Ravi decided he could no longer deal with his squirrel tail hair no more and had the most perfect shave in his life. it was the straightest damn hairline i’d ever seen. he found his dream barber, and 2 days later, i found my dream hairdresser. which makes our next haircuts really expensive!

a little history lesson about Amman: it was once called Rabbath Ammon or “Great City of the Ammonites” and was ruled by different peoples at different times, Assyria, Babylonia, the Ptolemies, the Seleucids, Rome and then the Umayyads.

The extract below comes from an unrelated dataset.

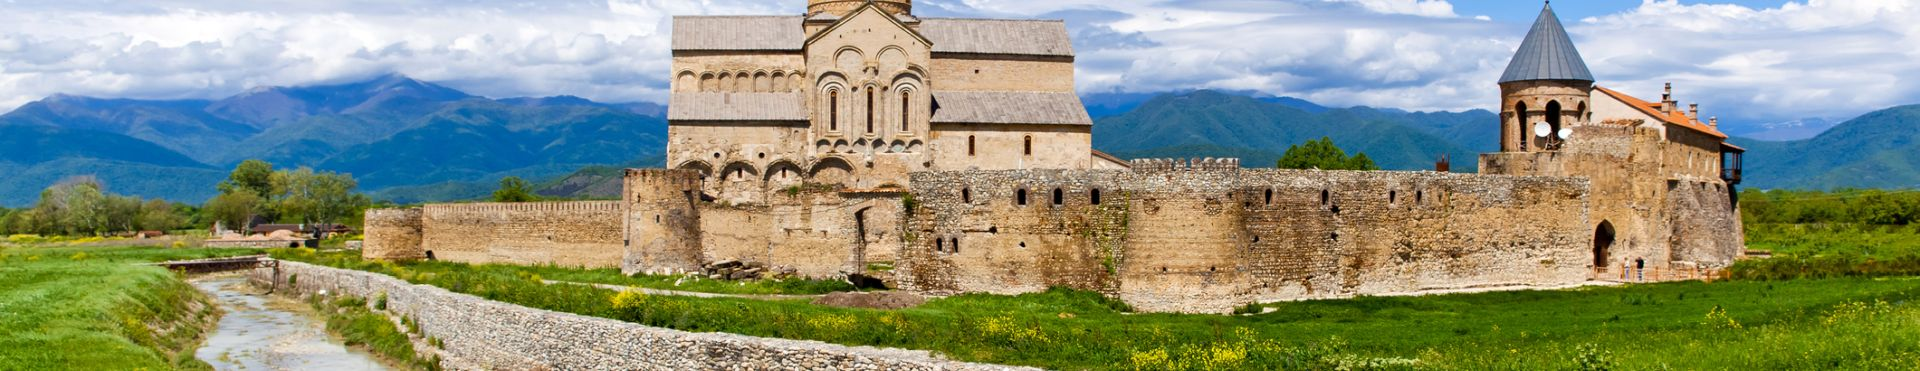 גאורגיה וארמניה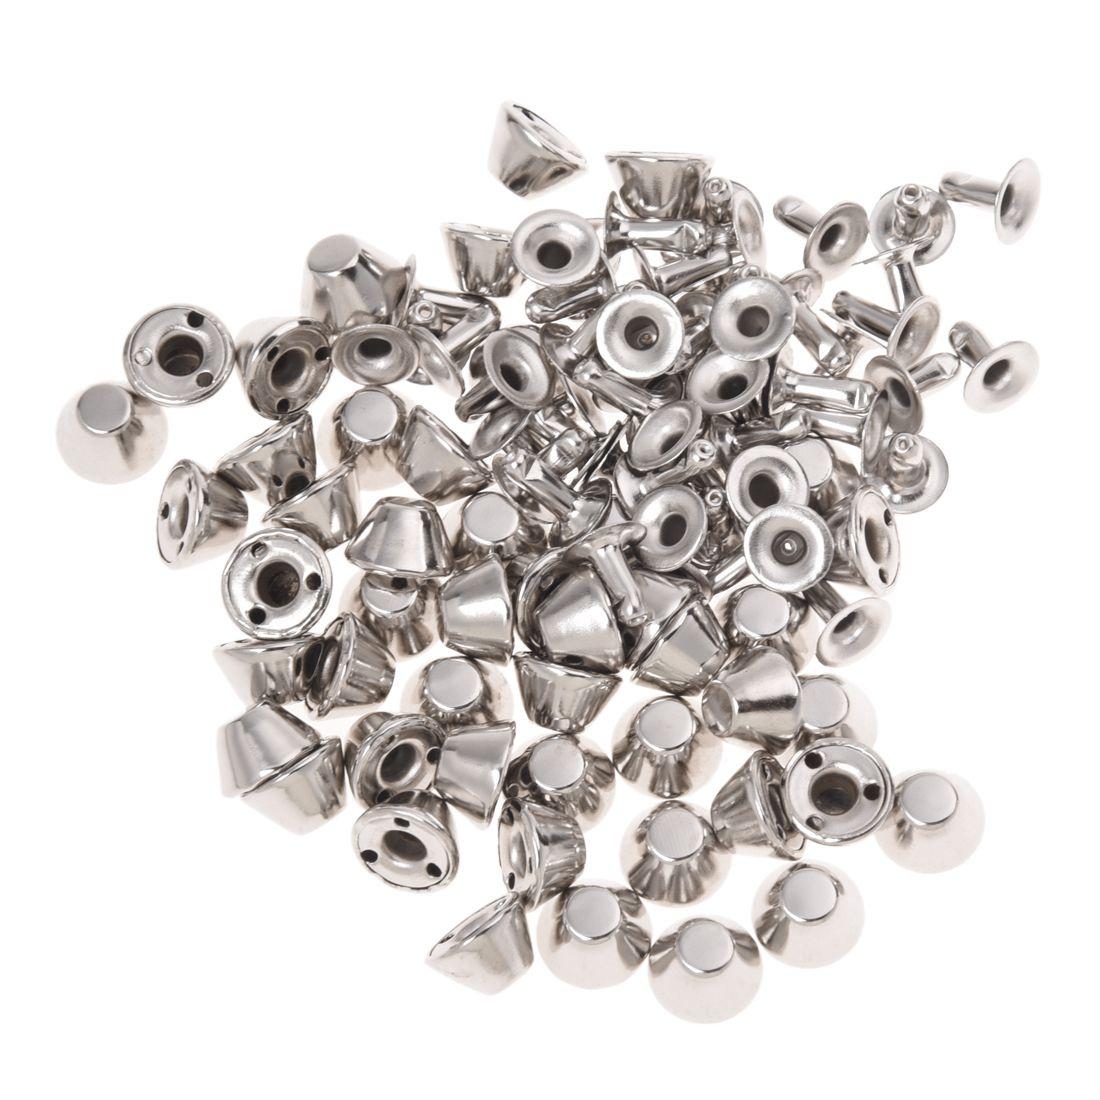 50 x remaches tachuelas bronce hierro color plata for Remaches de hierro

Ptolemy II Philadelphus then renamed Amman “Philadelphia”.

jordan - amman 1

the next day, we rushed to Jabal al-Qala’a, the hill of the Citadel in Amman. the big plan was to finish sites in Amman before heading to Jerusalem. we were so psyched.

jordan - amman 2

the temple of Hercules/Heracles.

jordan - amman 3

jordan - amman 4

from up here, you get a pretty clear panorama of some parts of Amman. cradled in the middle of this modern day city is the Roman theatre, carved out of the mountain. it rises quite stubbornly, refusing to be forgotten in the smog of modernization.

jordan - amman 5

al-Qasr, part of the Umayyad dynasty. don’t have me notes with me, but i believe this is the dome, within the compound of the mosque. the original dome’s long gone, but restorers have replaced it with a wooden one.

jordan - amman 6

the Umayyad mosque.

jordan - amman 7

i could frolick here all day.

jordan - amman 8

must have been gorgeous back then!

the museum up here, while austere, is full of goodies. housed in a bungalow that feels more like a house, you’d find pieces excavated from the Middle Bronze and Iron ages to Hellenistic, Roman and Islamic ages. wish we had more time. in fact, had we known about how inefficient (and arrogant and rude!) the Israeli customs at the Allenby bridge would be, we’d have spent more time in this museum.

jordan - amman 9
we rushed downhill to the Roman theatre. this time, we passed on climbing the steep steps. i can almost hear Roman robes swishing and hurrying to their seats. despite being by a main road, the theatre was surprisingly quiet.

jordan - amman 10

the trademark of Philadelphia - an eye.

jordan - amman 11

and here’s Hercules/Heracles, or what’s left of him. crouching, broken, in a shaded corner, almost embarrassed to be found at less than half his heyday glory.

jordan - amman 12

and off we then rushed to Jerusalem, or so we thought. and that was the end of our 2nd day.